Guess a formula for $a_n$ and proof it by induction.

Question

Series $a_1, a_2,a_3…$ is defined for all $n≥1 ,a_1= 1$ and after that $a_{n+1} = a_n/(2+a_n )$, for n≥1. Guess a formula for $a_n$ and proof it by induction.
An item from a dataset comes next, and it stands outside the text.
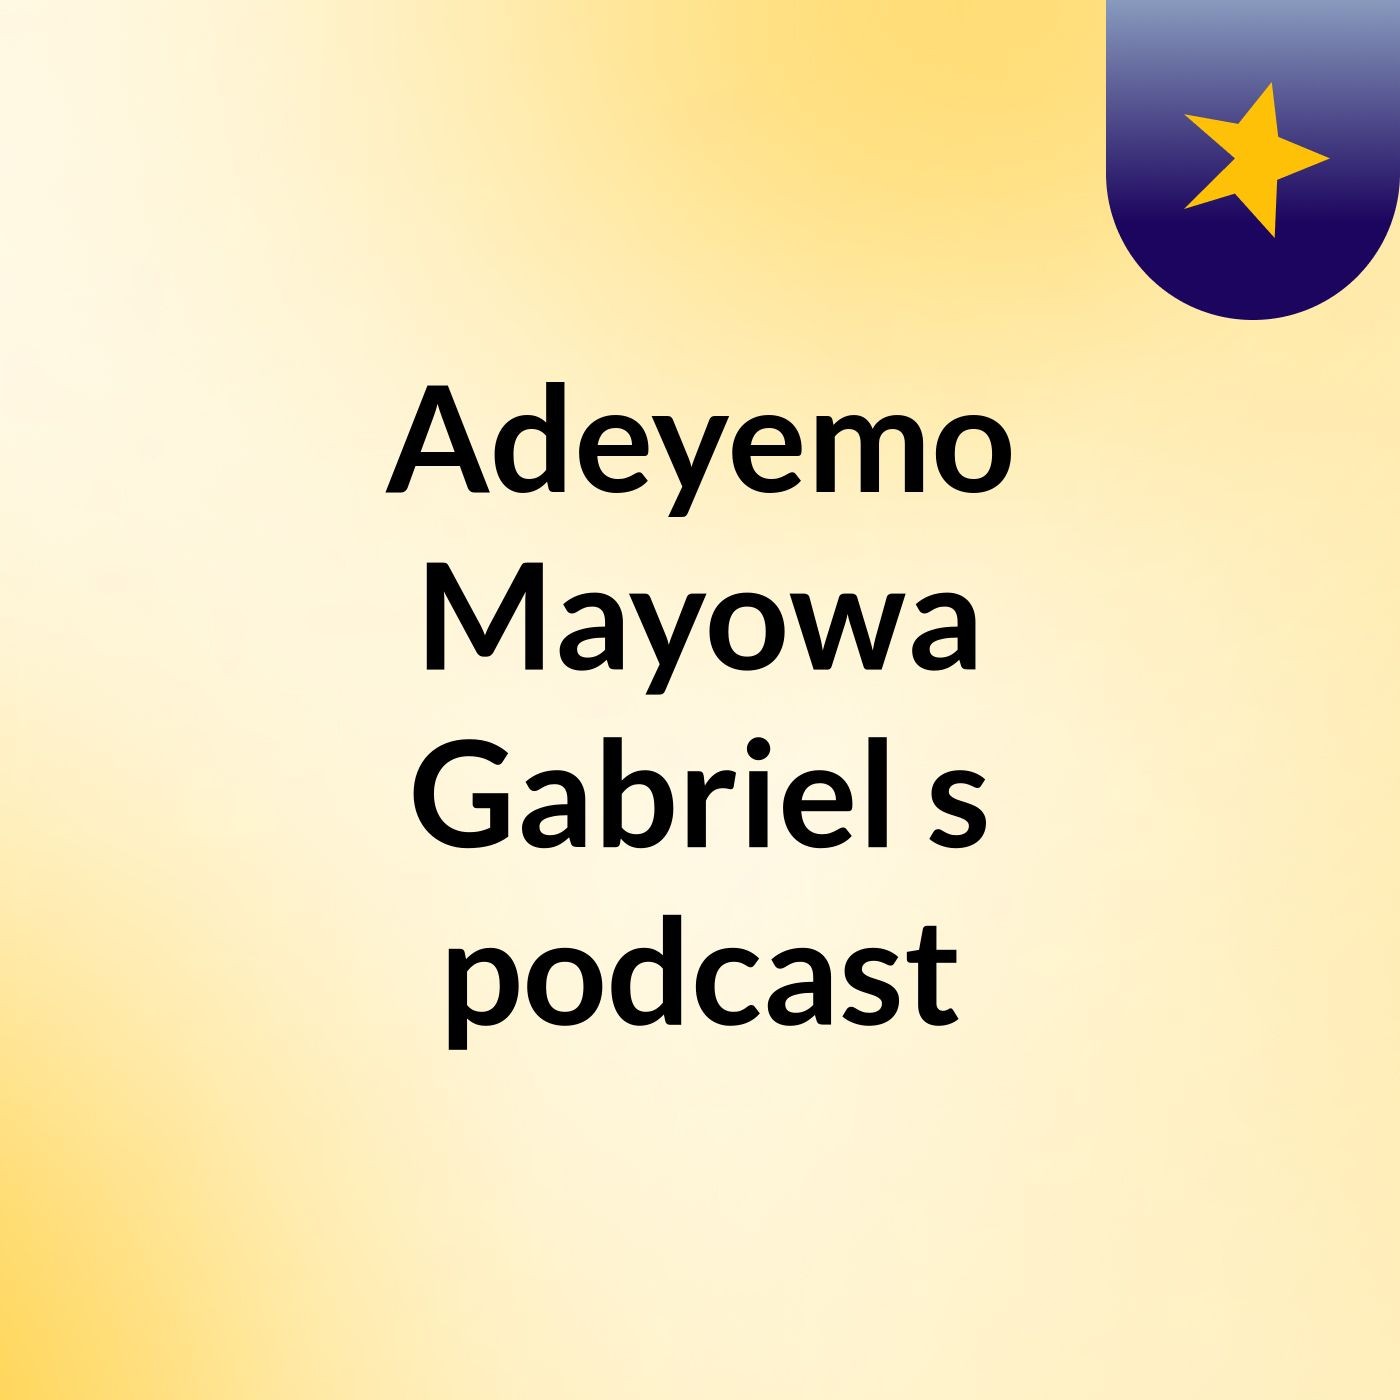 Episode 33 - Adeyemo Mayowa Gabriel's podcast
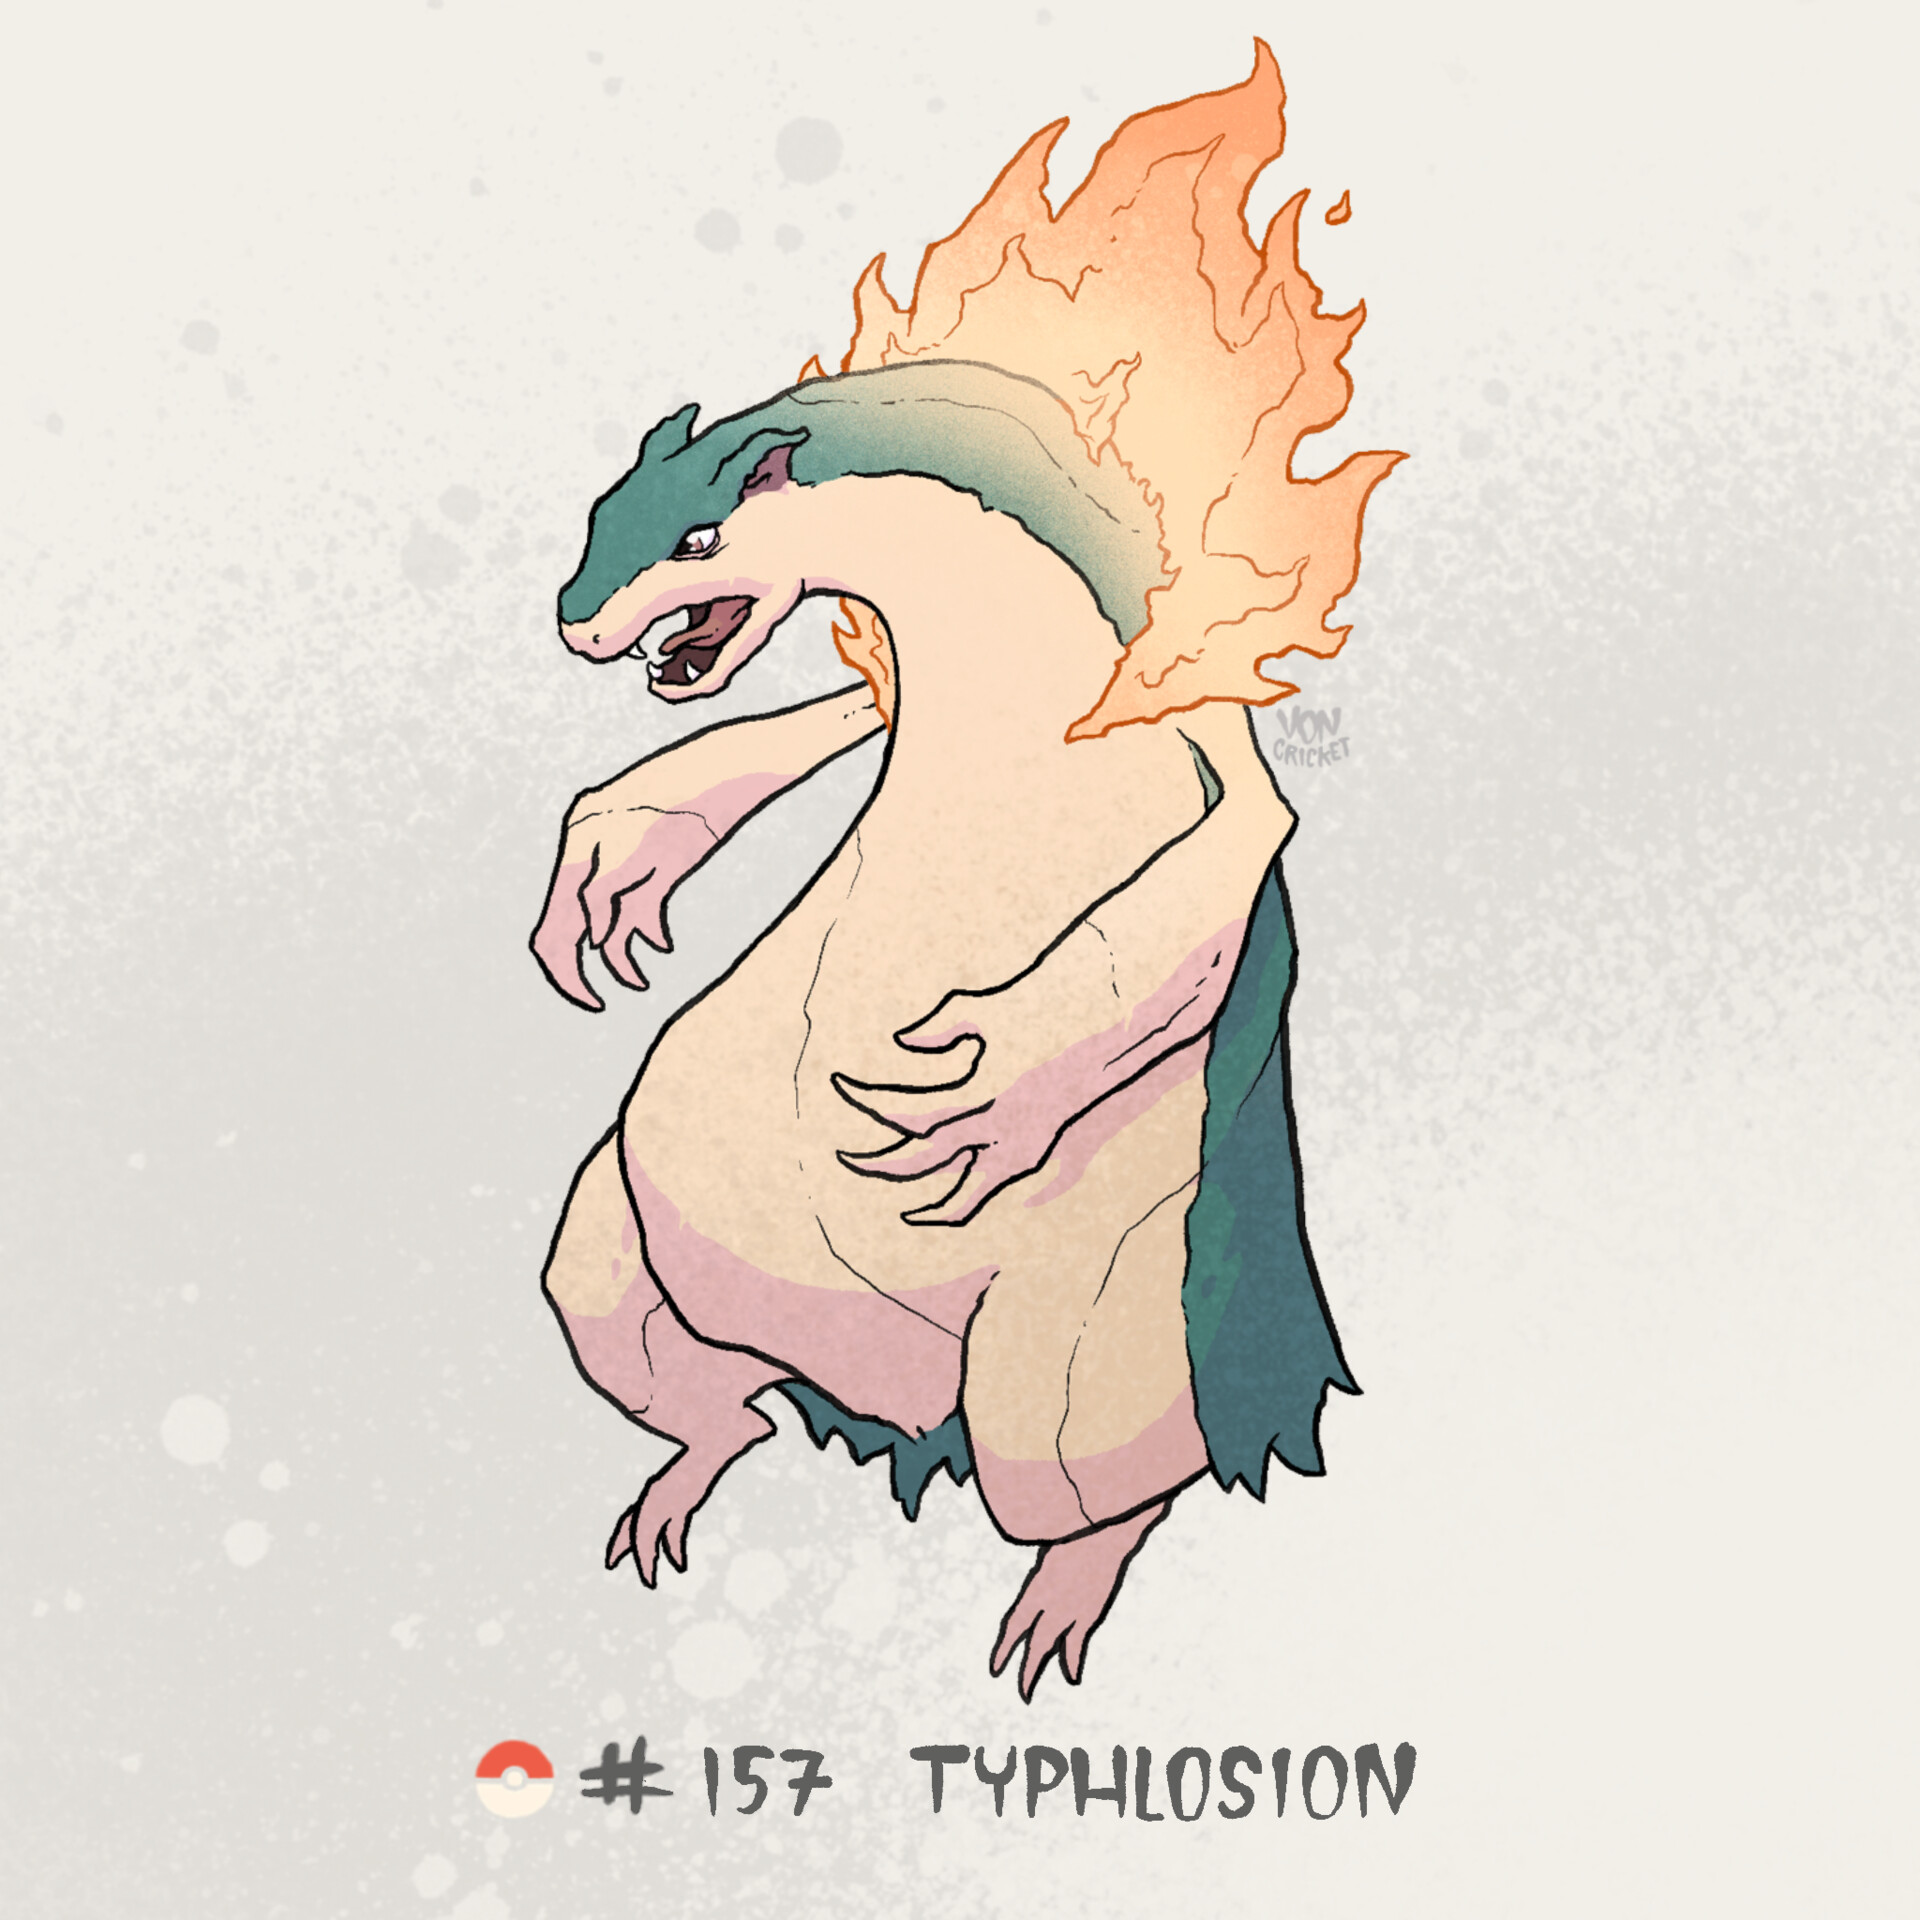 Typhlosion - #157 -  Pokédex

I would need help with this

Answer 1

I calculated the first $6$ terms: $$a_1 = 1,\ a_2 = \frac{1}{3},\ a_3 = \frac{1}{7},\ a_4 = \frac{1}{15},\ a_5 = \frac{1}{31},\ a_6 = \frac{1}{63}$$ From this, we can have a pretty good guess that $$a_n = \frac{1}{2^n-1}$$ Proof by induction:

I. It works for $n=1$: $$a_1 = \frac{1}{2^1-1} = \frac{1}{1} = 1$$ II. Assume that $$\forall k \in \{1,\dots,n\}:\ \ a_k = \frac{1}{2^k-1}$$ III. Prove for $k+1:$ $$a_{k+1} = \frac{a_k}{2+a_k} = \frac{\frac{1}{2^k-1}}{2+\frac{1}{2^k-1}}=\frac{1}{2^k-1}\cdot\frac{1}{\frac{2^{k+1}-2+1}{2^{k}-1}}=\frac{1}{2^k-1}\cdot\frac{2^{k}-1}{2^{k+1}-1} = \frac{1}{2^{k+1}-1}.$$

Answer 2

Hint: Consider that $$ \frac{a_n}{2+a_n}=\frac{1}{\dfrac{2}{a_n}+1} $$ so $$ \frac{1}{a_{n+1}}=\frac{2}{a_n}+1 $$

Can you make a guess for $b_n$ defined by $b_1=1$ and $b_{n+1}=2b_n+1$?